People In Glass Houses....
…shouldn't throw stones. This expression, added to my literary repertoire as a child courtesy of liberal use by my dear mother, comes to mind as I hear of the latest security stumbles by Apple and the Firefox folks. Here's another term that this situation makes me think of; karma, the law of cause and effect. Both Apple and the open-source team that develops Firefox have in the past, and with no shortage of glee, ripped into Microsoft's many security stumbles. The cosmic reaction to their naive actions has, it seems, manifested.
At the moment, Apple's dealing with two separate issues. Buried within the release notes for the recently-released v4.8 update to iTunes is the admission that it resolves a buffer overflow vulnerability in prior revisions' MPEG-4 parser code that could allow the execution of arbitrary code. Unless Apple is more upfront with the issue, and in the absence of another compelling feature motivation to upgrade (sorry, I'm not into buying music videos, especially if I can't play them on an iPod), I wonder how many iTunes users will bother with the multi-MByte download and installation? Especially when recent-past upgrades have stealthily restricted consumers' usage rights?

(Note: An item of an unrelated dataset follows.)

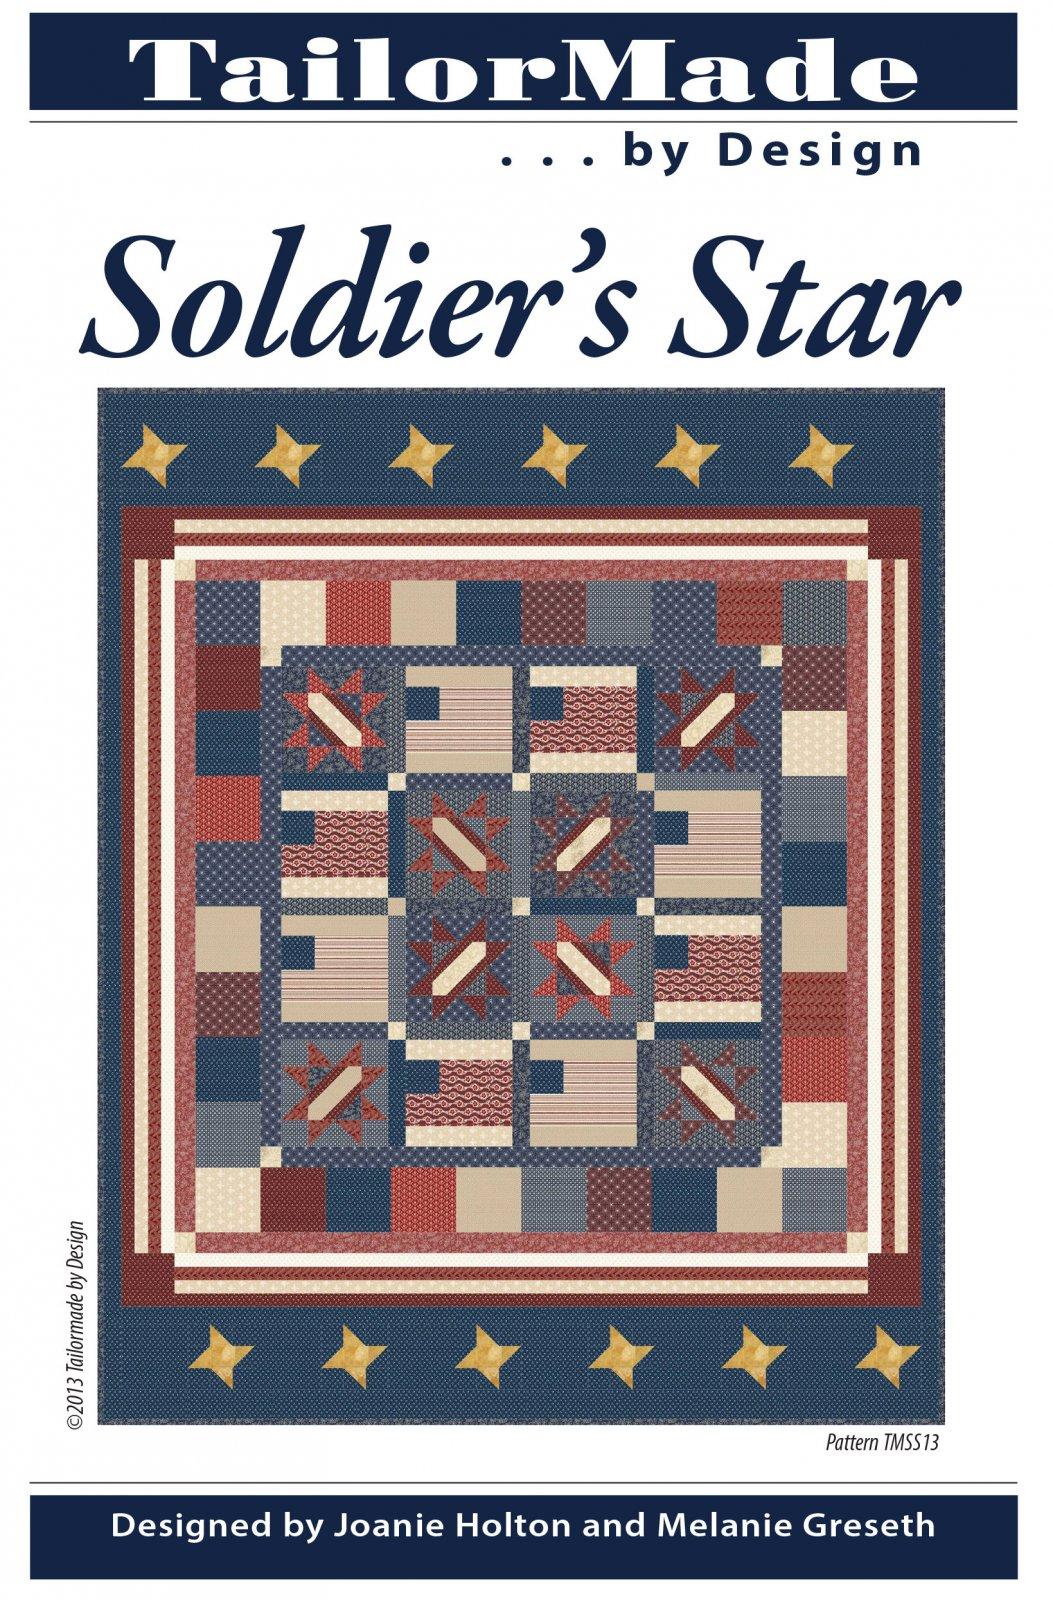 Soldier's Star pattern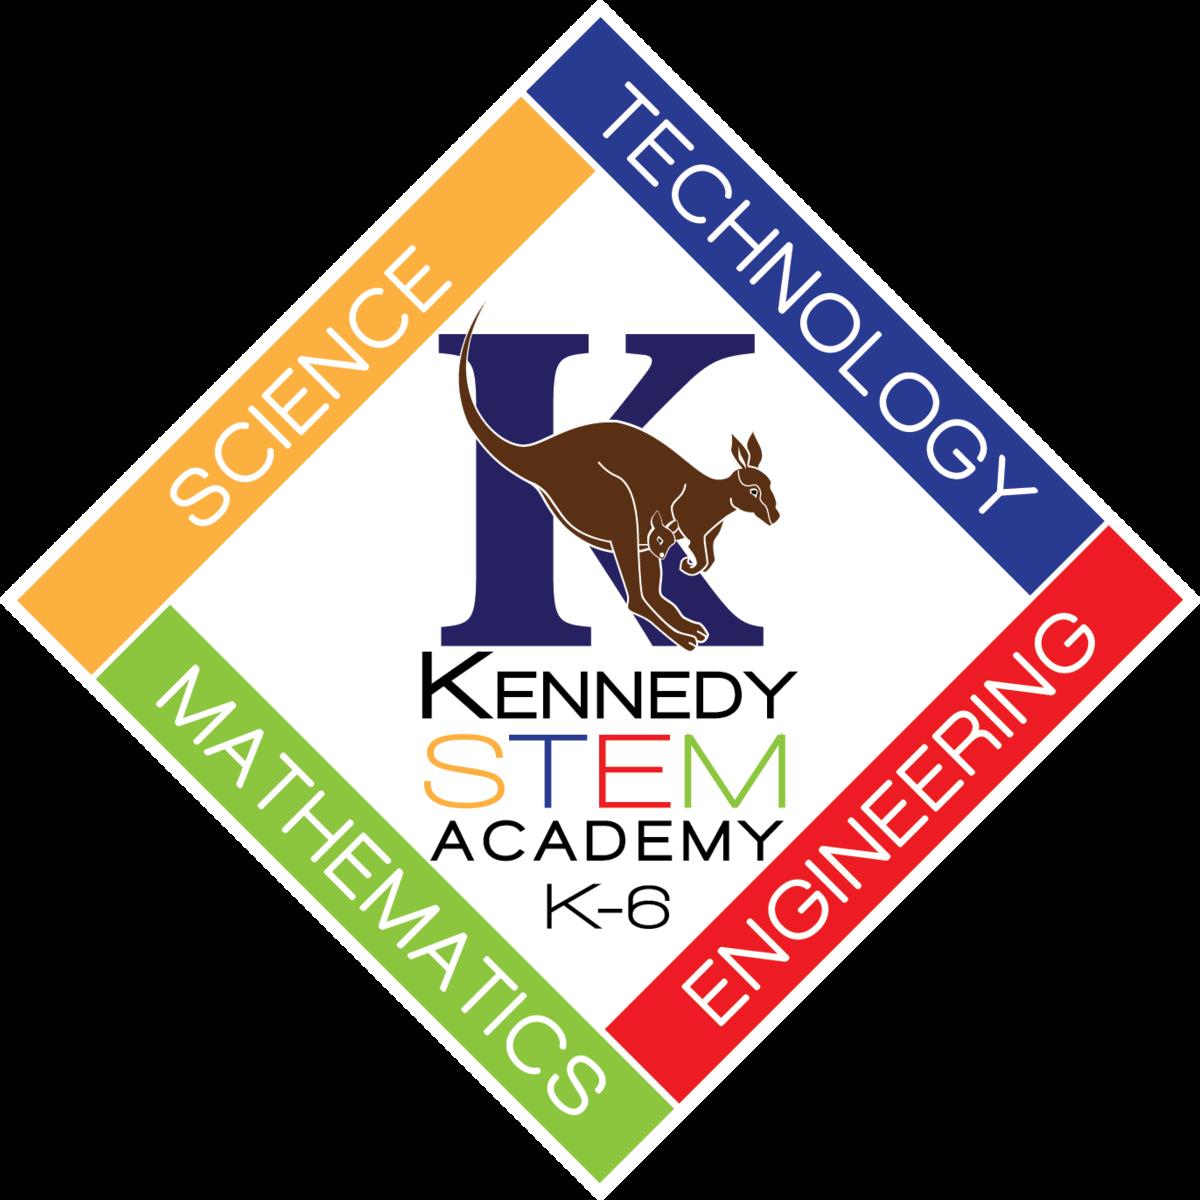 Kennedy Es logo

Apple's second security snafu is, if anything, even more flabbergasting. After many years' worth of ActiveX Control bashing, Apple has apparently neglected to provide safeguards sufficient to preclude the unintended download and auto-installation of Dashboard widgets through the default Safari web browser. Apple will likely fix the hole, sooner or later, via a security patch or O/S upgrade. But until then, do you think some Tiger early adopters will end up with difficult-to-remove pornographic or other undesireable adware plastered all over their displays? Or worse yet, even more malicious widgets, perhaps obscuring their identities by replacing and mimicking benign applets, and bred for "erasing files, changing ownership and permissions, running AppleScripts and command-line utilities, and so forth"? Yeah, me too.
Firefox v1.0.3 has its own exploit woes. Paraphrasing the advisory released on May 7th, if a user clicks anywhere on a web page containing malicious JavaScript code, that code will automatically create and execute a malicious batch/exe file. Last spring I wrote an editorial that was critical of the lack of O/S upgrade capability in many Linux-powered systems. In response, I was vigorously email-assailed by open-source advocates, claiming that Linux was inherently superior because a) many sets of eyes led to better first-rev code and b) any issues that cropped up would be speedily dealt with.
Well, it's been almost a week since the Firefox exploit was first made public (it has reportedly been on the confidential developers' bug-tracking list much longer than this), and the clock is still ticking. Although I received an RSS feed from VersionTracker earlier today indicating that Firefox v1.0.4 was available, it doesn't appear on Mozilla's site (I just checked again prior to posting this blog entry), and Firefox's 'check for update' facility doesn't know about it either. Better first-rev code? Speedy resolution of issues? Glass houses and stones, indeed.